> _ASSIGNMENT_: All of the data below should be repeated exactly. Pictures should not be included.

───── DATA SEGMENT ─────

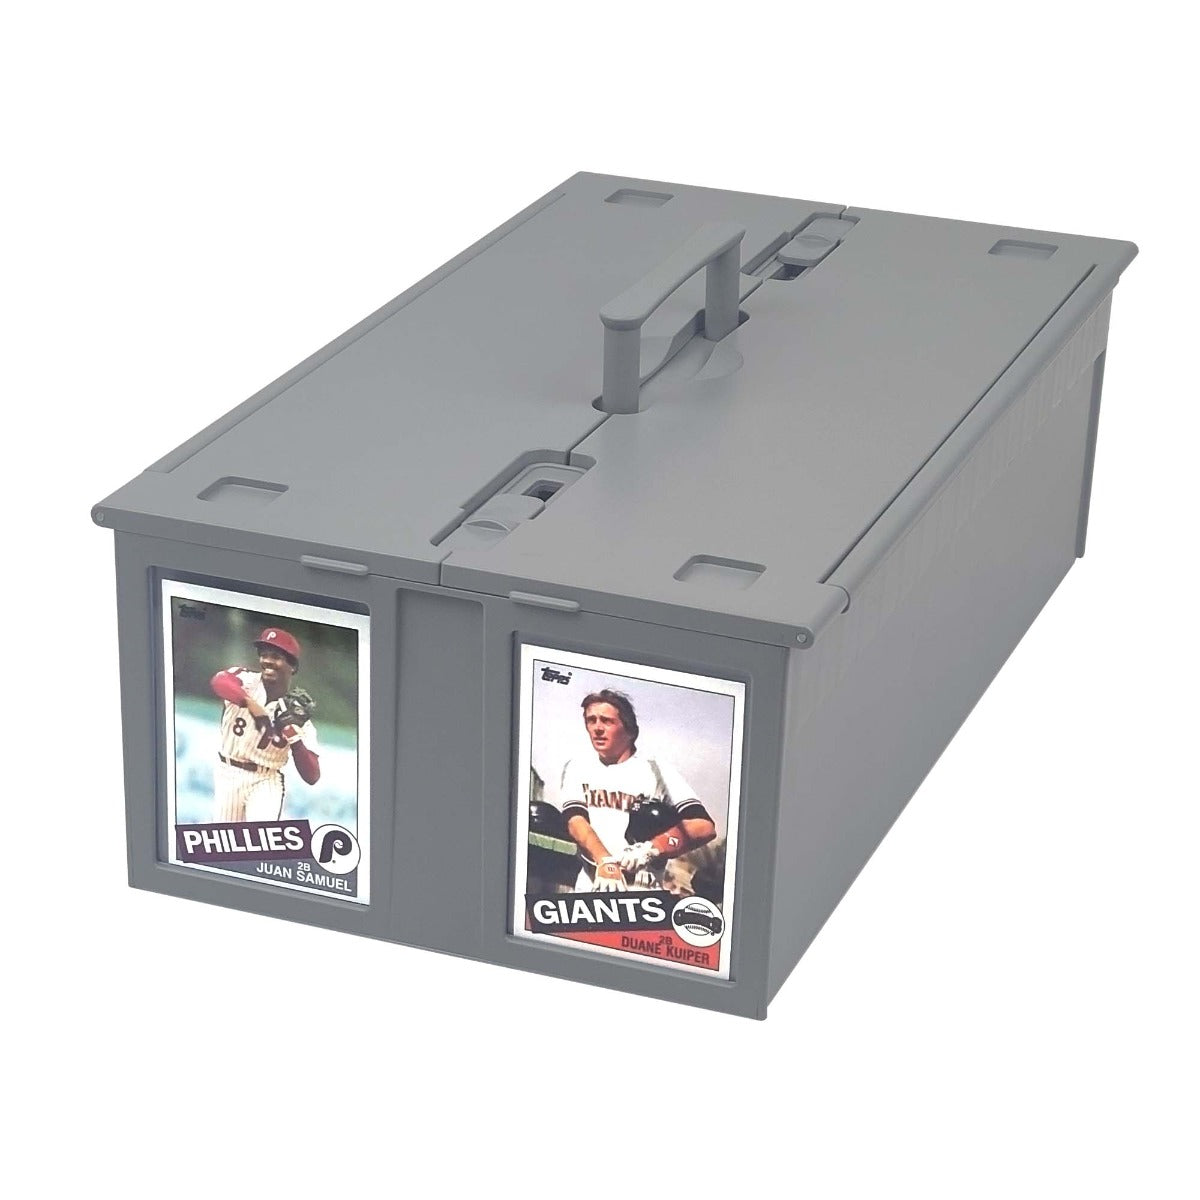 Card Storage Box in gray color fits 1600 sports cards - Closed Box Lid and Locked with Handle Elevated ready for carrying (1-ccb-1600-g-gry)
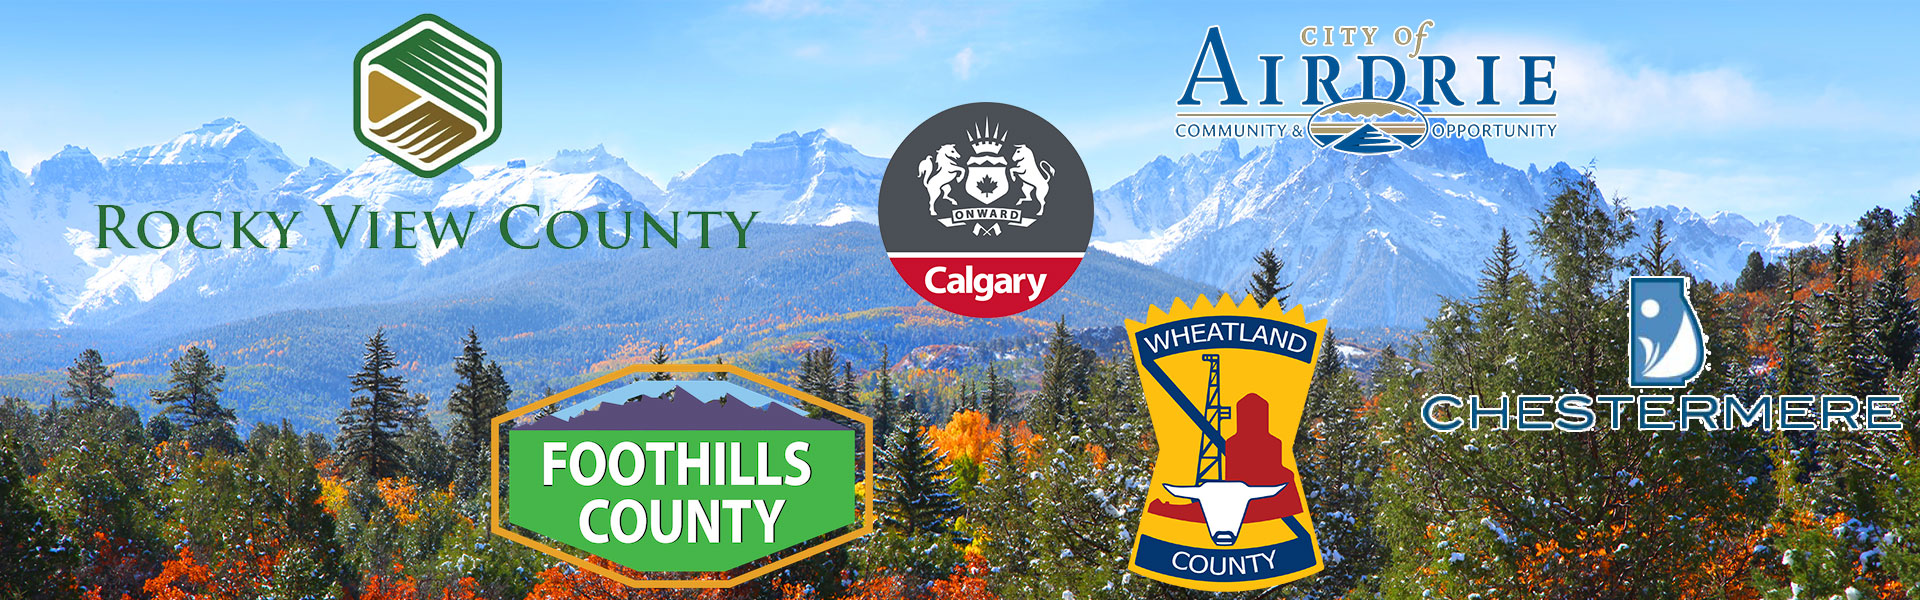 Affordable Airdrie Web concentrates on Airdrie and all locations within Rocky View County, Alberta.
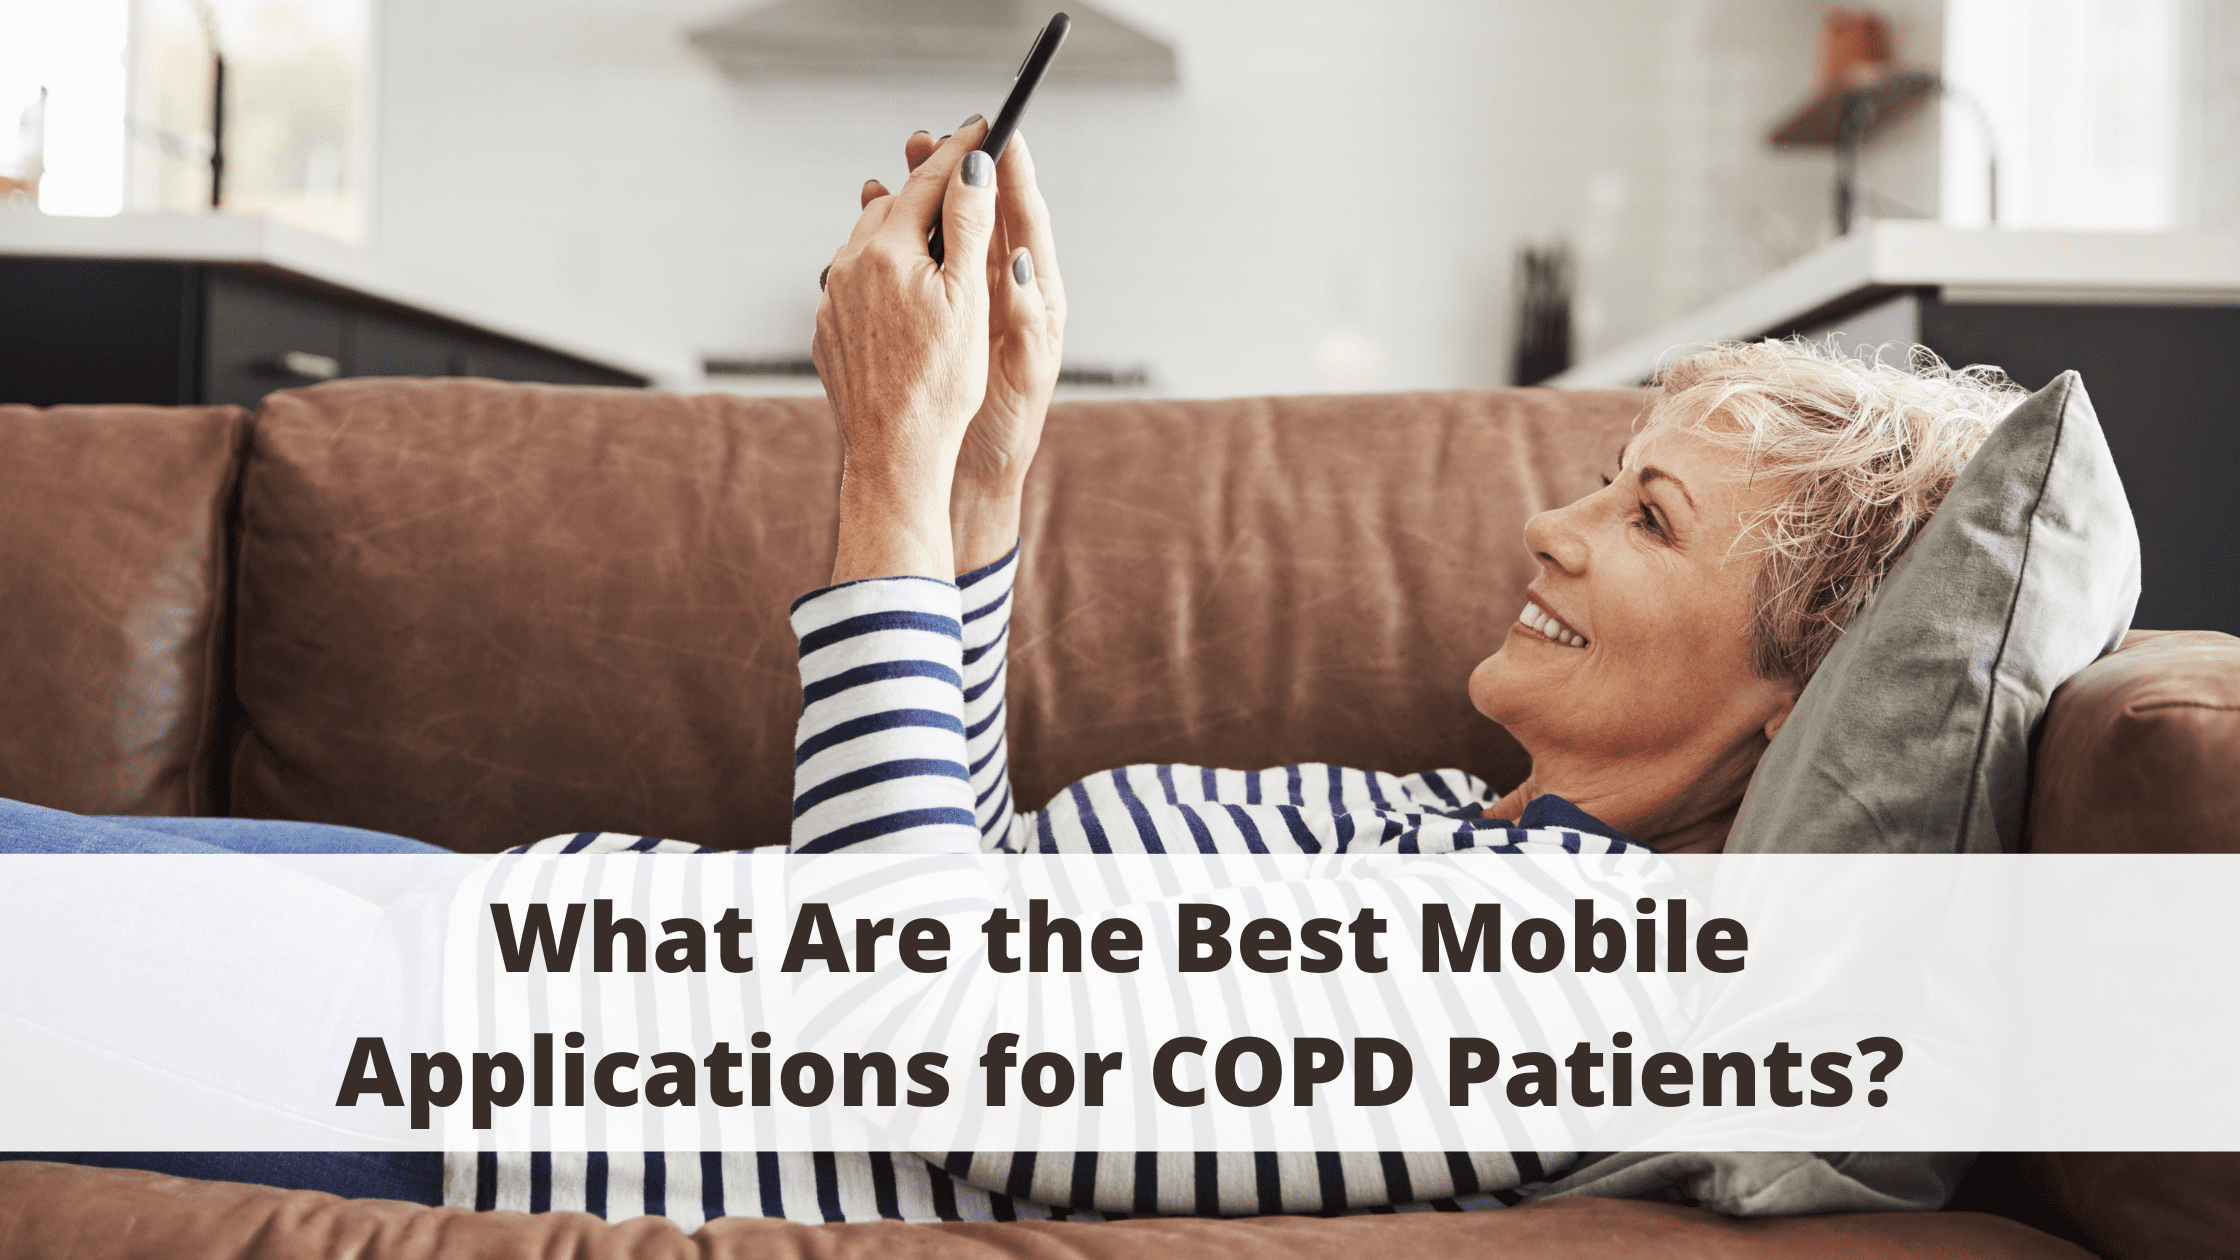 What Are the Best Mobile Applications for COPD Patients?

─────

> _ANSWER SECTION_:
 Card Storage Box in gray color fits 1600 sports cards - Closed Box Lid and Locked with Handle Elevated ready for carrying (1-ccb-1600-g-gry)
 Affordable Airdrie Web concentrates on Airdrie and all locations within Rocky View County, Alberta.
 What Are the Best Mobile Applications for COPD Patients?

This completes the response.